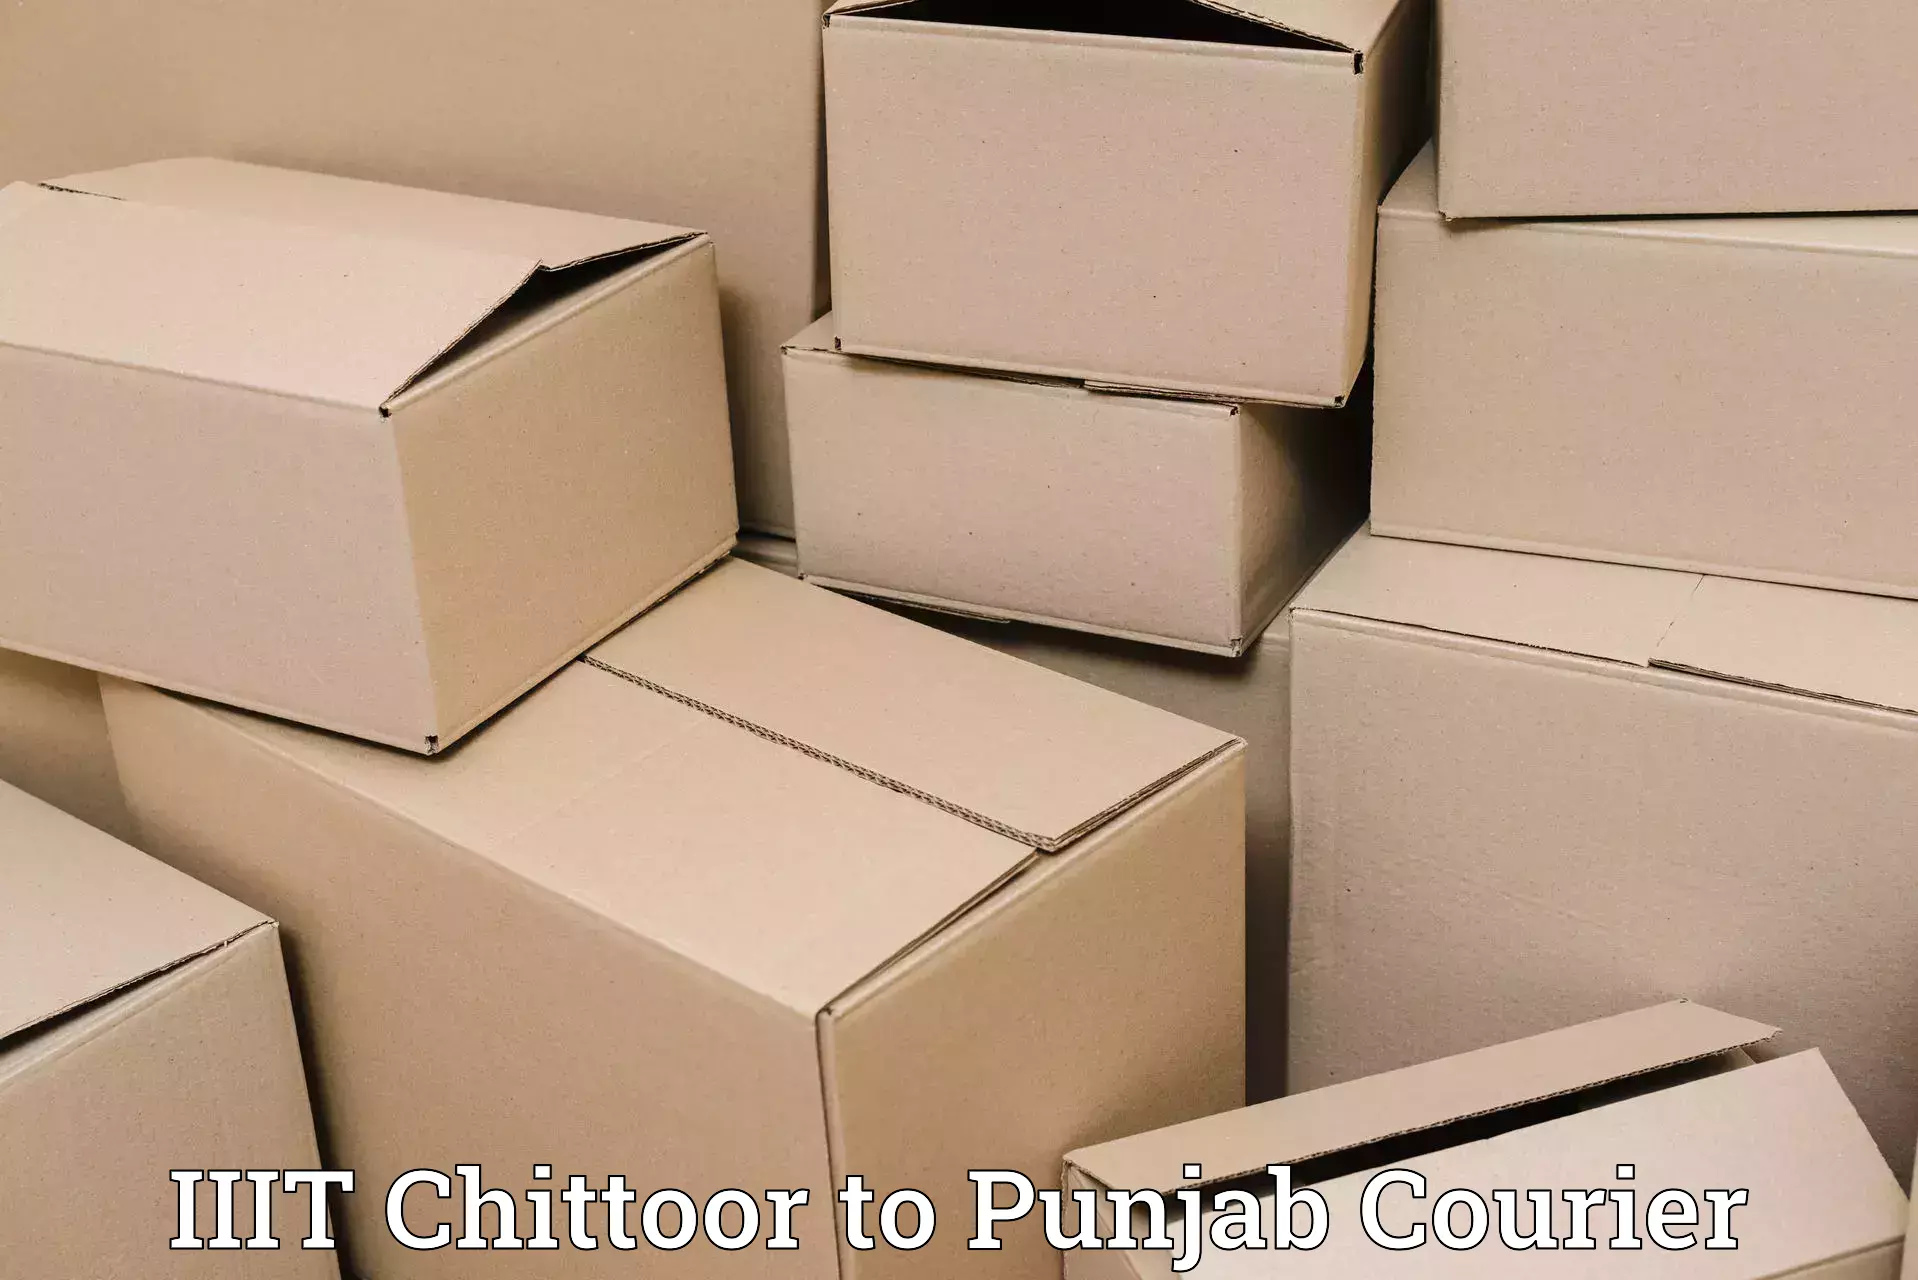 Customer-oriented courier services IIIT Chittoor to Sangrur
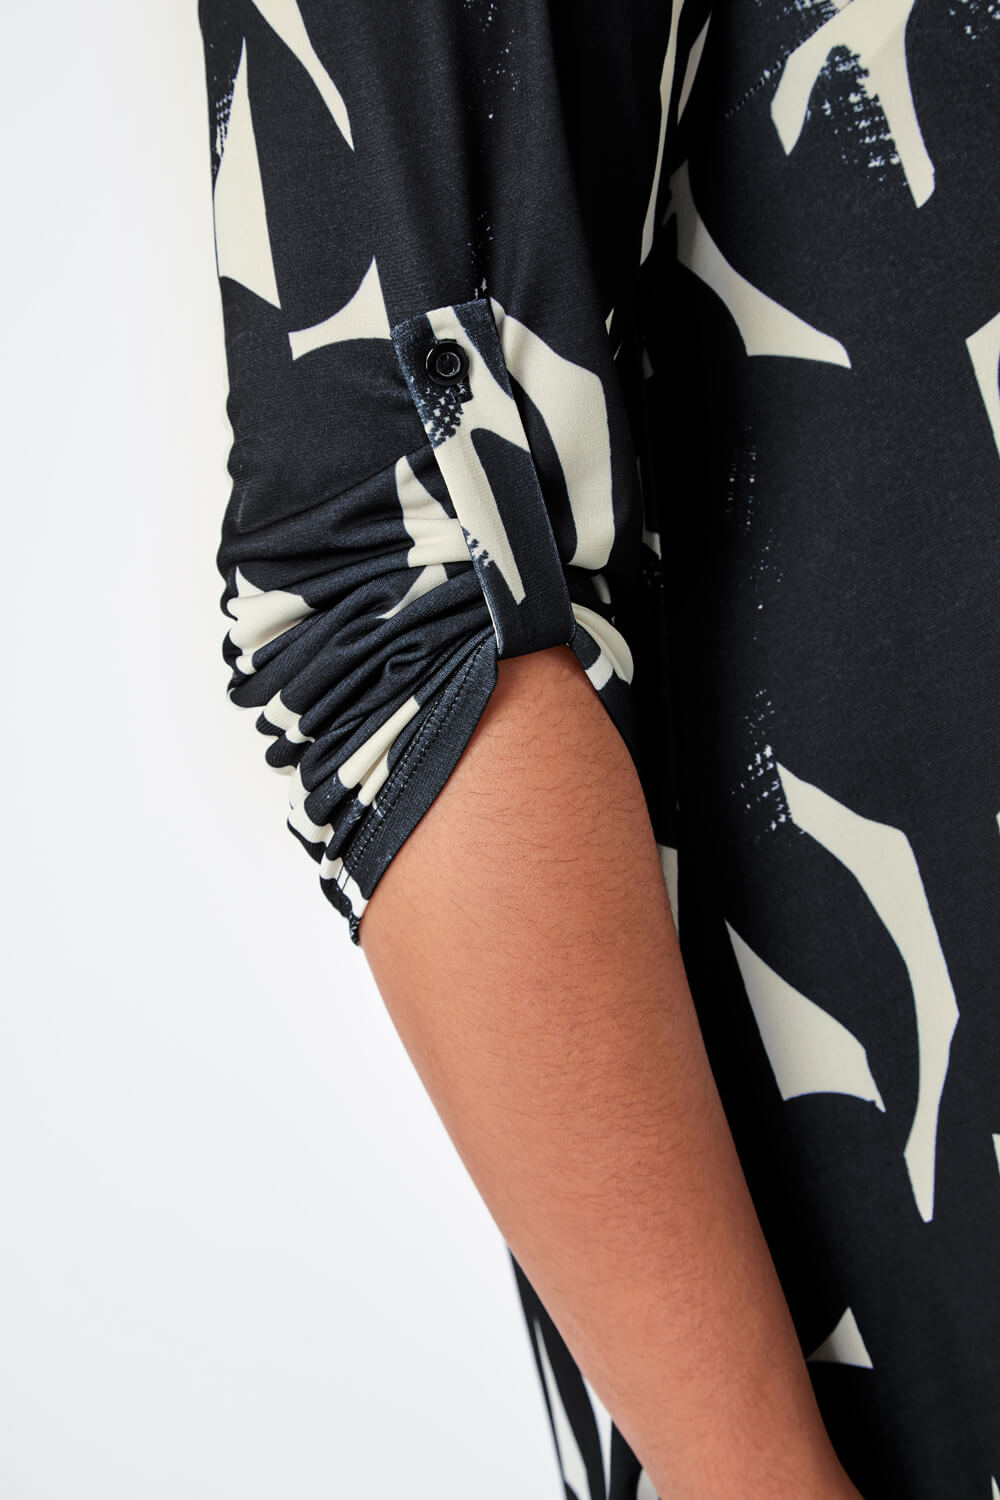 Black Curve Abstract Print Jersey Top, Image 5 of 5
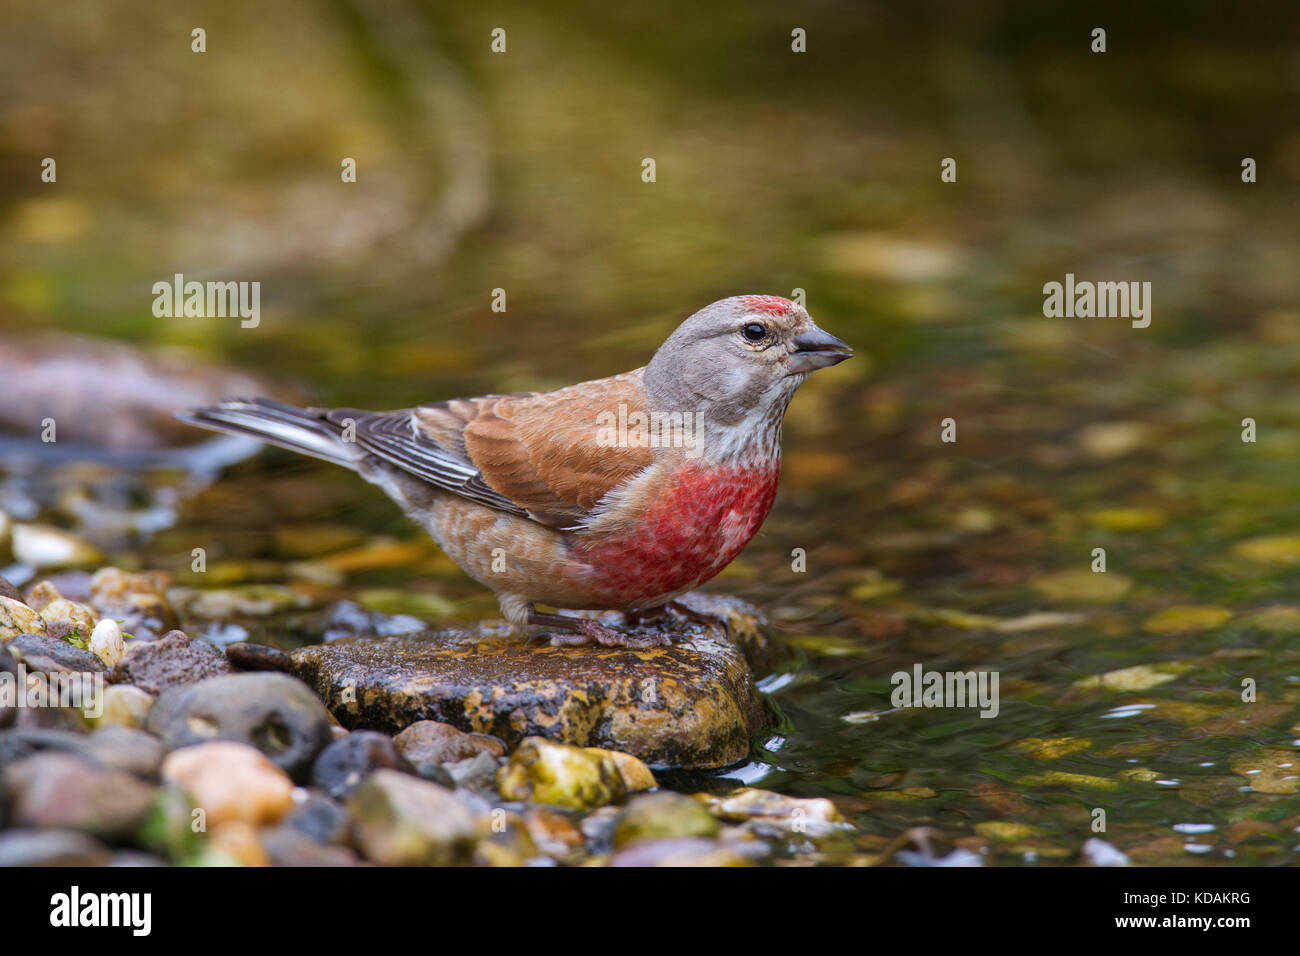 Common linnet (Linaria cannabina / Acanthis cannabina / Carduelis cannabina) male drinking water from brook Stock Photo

== == ==

• **Instructions to follow**
Return the whole listing word for word. Pictures stay out of it.

• **Exercise response**
 Customer-oriented courier services IIIT Chittoor to Sangrur
 Black Curve Abstract Print Jersey Top, Image 5 of 5
 Common linnet (Linaria cannabina / Acanthis cannabina / Carduelis cannabina) male drinking water from brook Stock Photo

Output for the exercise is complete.